This work presents a knowledge-based system and architecture for the formalization of quality of service (QoS) characteristics and measurement methods in telematic services, and for the collection, distribution and assessment of the QoS information obtained using these methods. The solution makes use of ontologies and reasoning technology to define and compare QoS information. The system can help customers to select the service offer that best fits their quality requirements. Providers will use it to detect when the delivered service fails to fulfill the quality agreements that they signed with customers.

Introduction

Telematic services are those provided through a telecommunication network and involving information exchange (for example: data, video or audio). As new services appear with high performance requirements, mechanisms to ensure quality of service and metrics to monitor this quality become necessary.

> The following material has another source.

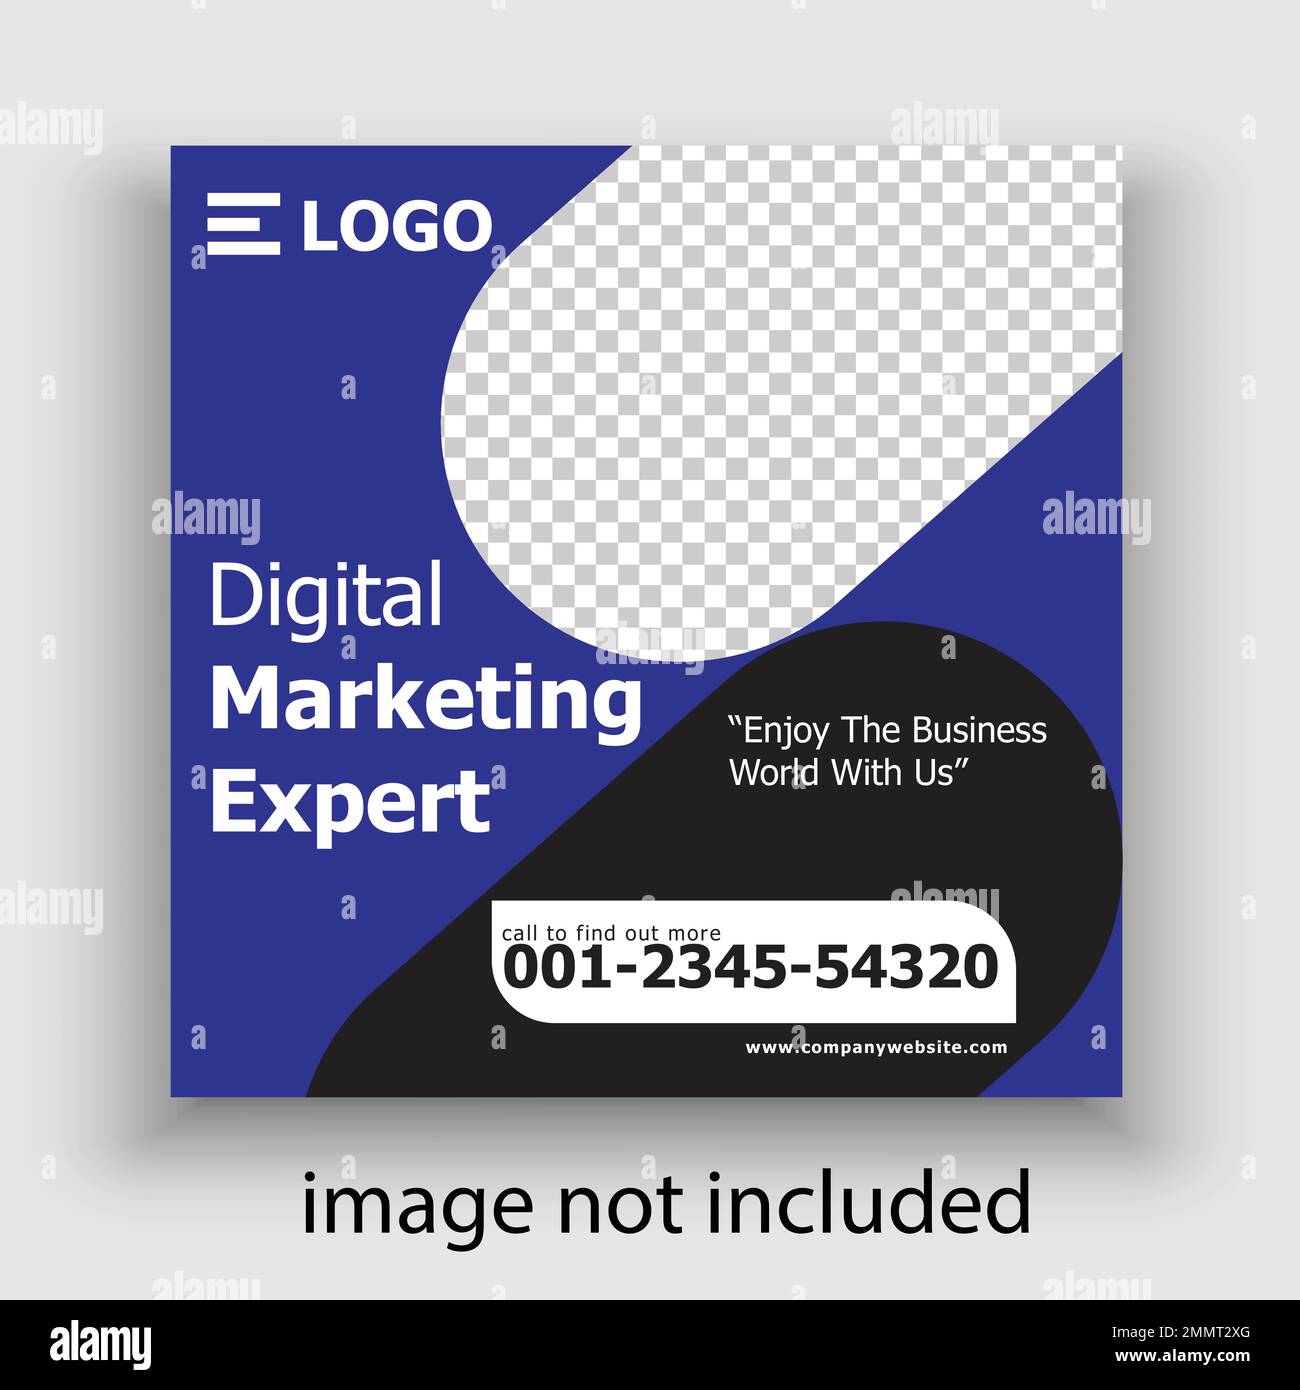 Social Media Post Design Template For Restaurant Business. promotion banner. ready use vector design template. Stock Vector

The right selection of a service provider by the customers depends on the availability of information about the QoS offered and delivered by each provider, so they may perform a comparison and make a decision. From the provider’s point of view, monitoring QoS is important to check the fulfillment of agreements. Service level agreements (SLAs) are the contracts that customers and providers sign to define the requirements of the services being delivered. Measurements and requirements must be compared in order to detect SLA violations. The providers may also want to use quality to differentiate their offer from those of the competitors. To do so, they would make QoS data available to quality agencies or other independent actors to let them certify that the provider delivers a particular level of quality.

The methodology, mechanisms and characteristics used to measure the QoS should be the same for all the providers, so the measured data can be used for comparisons. This is not always possible due to the provider’s business strategies. A possible approach is making independent actors, such as quality agencies or organizations for standardization responsible for defining characteristics, metrics and reference service levels (RSLs) and checking if the measurements taken at the provider’s infrastructure fulfill the defined requirements.

Two more tasks are required: the design of a method to publish and exchange the QoS information and the implementation of a system to compare the measurements against requirements from SLAs or RSLs. Knowledge-based technology, such as the Semantic Web [1] approach, contributes to simplify the development of these systems. The Semantic Web defines a framework for data sharing and information reusability. The formalization of the data by means of ontologies [17] facilitates sharing and exchanging information, also reducing the possibility of misunderstanding the meaning of the concepts. Rules can help to automate the comparisons by defining how instances of the ontologies can be handled to perform the evaluation. So, the Semantic Web characteristics of data sharing, distribution and rule reasoning are useful for the environment where telematic services live.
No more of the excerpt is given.